Erhöhung der Gefahrklasse der Physiotherapie: Rückmeldung von der BGW

Erhöhung der Gefahrklasse der Physiotherapie: Rückmeldung von der BGW

Ab 1. Januar 2019 gilt für die Berufsklasse der Physiotherapeuten ein neuer Gefahrtarif der Berufsgenossenschaft für Gesundheitsdienst und Wohlfahrtpflege (BGW). Dies beruht auf einer neuen Einstufung der Gefahrenklasse für Physiotherapeuten. Der neue Tarif, welcher eine deutliche Erhöhung (ca. 17 Prozent) beinhaltet, wird erstmals im Frühjahr 2020 bei der Berechnung der Beiträge angewandt. Im Interesse seiner Mitglieder hat der VPT im November eine Stellungnahme zu der neuen Einstufung von der BGW angefordert.

In einem Antwortschreiben an den VPT erklärt die BGW nun, dass die Gesamtkosten, die für Prävention, Rehabilitation und Renten entstehen, auf die versicherten Unternehmen umgelegt werden.
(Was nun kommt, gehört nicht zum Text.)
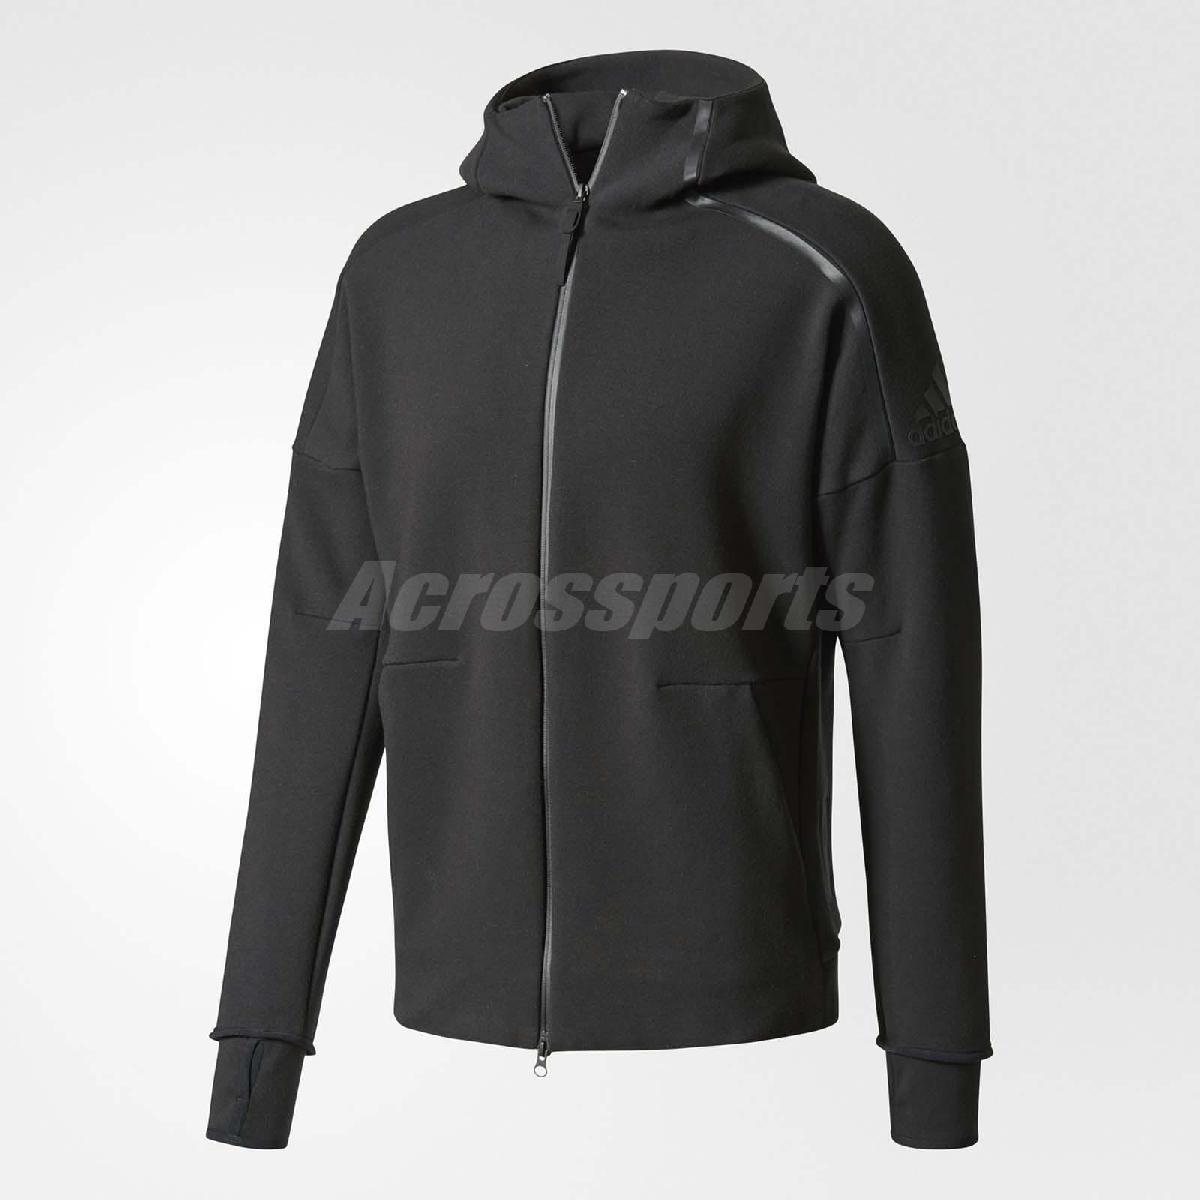 adidas連帽外套Z.N.E.HOODY 2長袖上衣帽踢連帽夾克運動經典基本款男款黑PUMP306 BQ6925

Die Mitgliedsunternehmen werden hierfür in Unternehmensarten gegliedert, für die anschließend ein gemeinsames mittleres Risiko ermittelt wird. In einem Beobachtungzeitraum von sechs Jahren werden alle Entschädigungsleistungen für Versicherungsfälle, den Gesamt-Bruttoentgelten und Versicherungsnummern der persönlich versicherten selbstständigen Tätigkeiten gegenübergestellt. Die Ergebnisse dieser Berechnung (Belastungsziffer) sollen laut BGW die Unfallgefahr einer Unternehmensarbeit abbilden. Anschließend werden die Belastungsziffern aller Unternehmensarten miteinander verglichen und bei Bedarf nach weiteren zusätzlichen Erkenntnissen sortiert. Hieraus resultieren die aktuell vorhanden 15 Tarifstellen.

Während in den vergangenen Jahren laut BGW Unternehmensarten mit unterschiedlich hoher Unfallgefahr in einer Tarifgruppe zusammengefasst wurden, würden in der neuen Gefahrklasse der Tarifstelle 07 nun relativ genau das eigene Unfallrisiko der Ergotherapie und Physiotherapie abgebildet werden. Risikoärmere Unternehmensarten, wie die Praxen der Logopädie und der Entbindungspflege, können demnach nun einer Gefahrklasse zugeordnet werden, die ihrem tatsächlichen Risiko entsprechen würde. In den vergangenen Tarifen hätten diese risikoärmeren Unternehmensarten nämlich dafür gesorgt, dass die Gefahrklasse insgesamt niedrig gehalten wurde.

„Uns ist klar, dass der Anstieg der Gefahrklasse bei den Betroffenen nicht auf positive Resonanz stößt“, so die BGW in ihrer Antwort an den VPT. „Es ist aber letztlich nur eine Begünstigung entfallen, die über einen langen Zeitraum zu einer niedrigen Gefahrklasse im Bereich der Ergotherapie und der Physiotherapie geführt hat.“

Natürlich ist diese Antwort wenig befriedigend. Wir werden daher als Verband die neuen Einstufungen genau verfolgen.